X-37B spaceplane completes second mission
The X-37B shortly after completing its 1st mission
Photo credit: Boeing photo
Photo credit: Boeing photo
In 2010, as the Space Shuttle program was winding down, the secretive Other spaceplane was preparing for its first ever test mission. Shortly after it landed, it was launched on its second mission, this one lasting 469 days — more than a year. It returned to Earth a few days ago, to much excitement and speculation as to what exactly it was doing up there. Small enough to fit inside the Shuttle’s cargo bay, the X-37B is an impressive little spaceship.
Being an unmanned craft, it can devote the space which would have been used on bulky life-support equipment to more useful stuff like fuel, giving it the ability to switch from orbit to orbit rapidly and stealthily. Of course, “stealth” is a relative term as it never seems to take amateur satellite spotters more than a few days to find it and calculate its new orbit, but it’s good enough to be able to launch, deliver a spy satellite, possibly visit an enemy satellite, and return to Earth without revealing its mission.
Why so secretive?

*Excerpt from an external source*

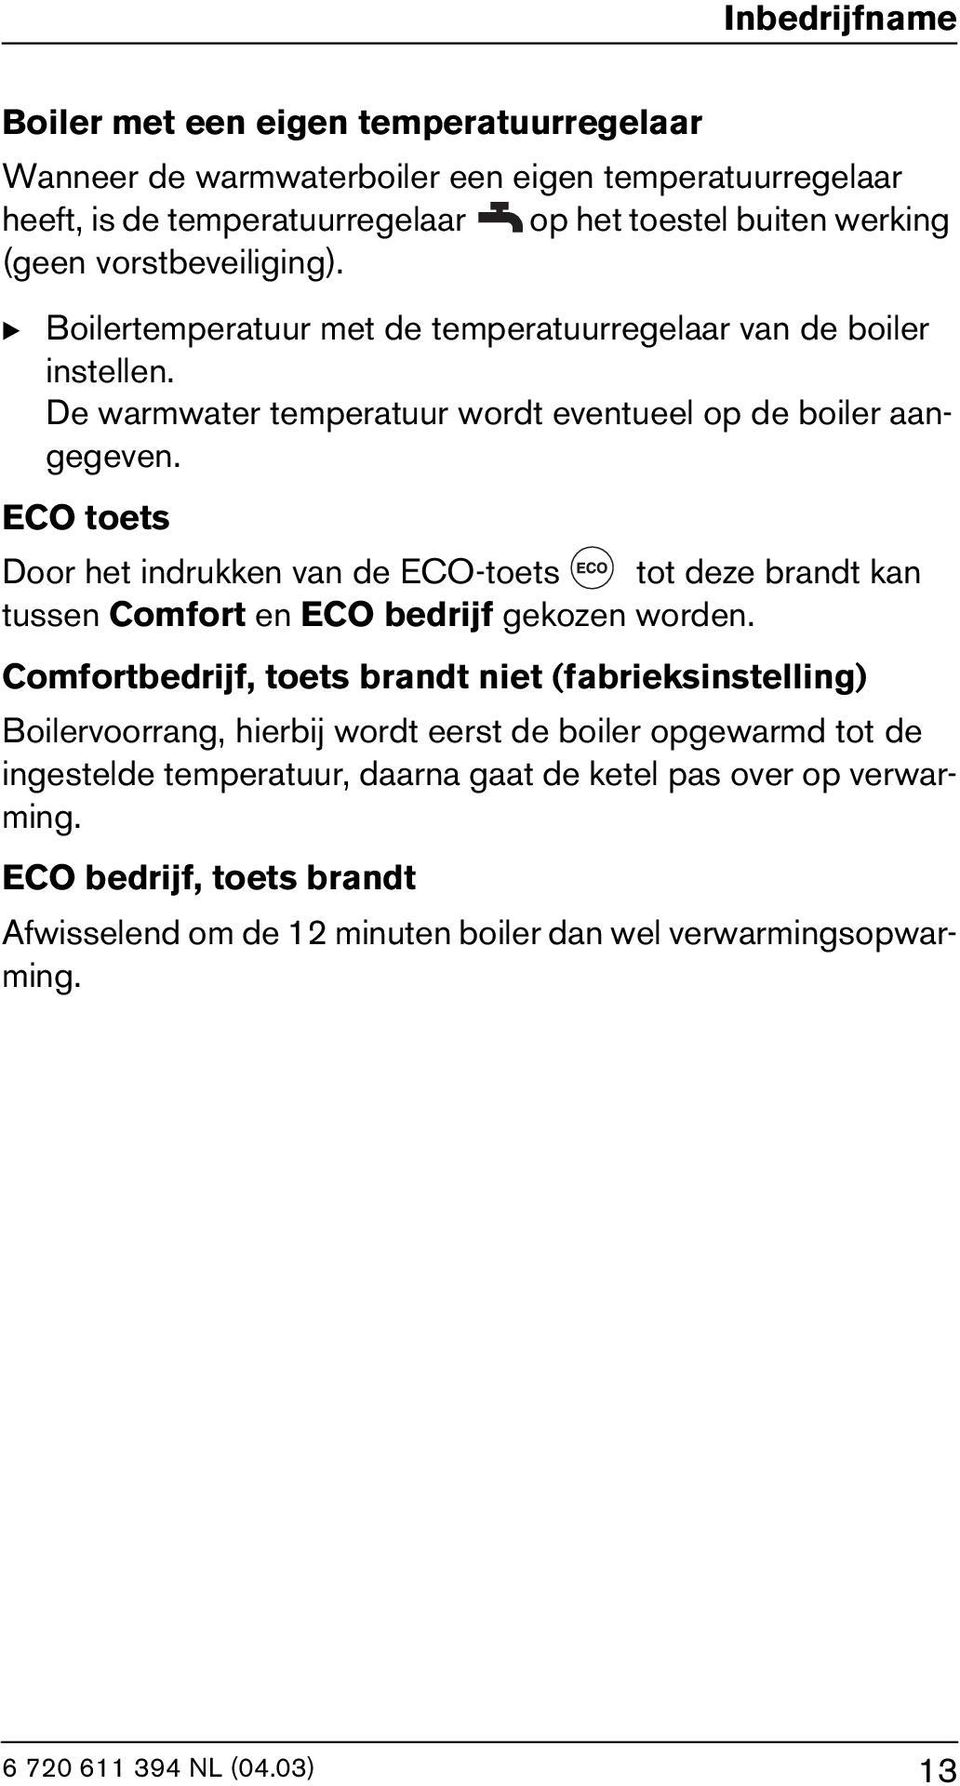 ECO toets Door het indrukken van de ECO-toets tot deze brandt kan tussen Comfort en ECO bedrijf gekozen worden.

Because X-37B does not belong to NASA, but to the US Air Force. And that’s the fascinating thing to me: When we hear the words “Space Program”, we immediately think NASA (and then, after a moment’s thought, ESA, Rokosmos, and the rest). But the USA has at least three different space programs — NASA, the Air Force (with X-37B) and the National Reconnaissance Office (NRO) which runs all the spy satellites. And of the three, big old NASA which gave us the Hubble Space Telescope, Astronauts, the Space Shuttle, and even put human beings on the Moon, is the smallest and most poorly funded. And while it’s probably only natural that the agencies concerned with national defense should be considered so much more important than a mere research body, it’s still a little sad. Preach on about Science being the way forward, at the end of the day it’s governments and their militaries that run the world.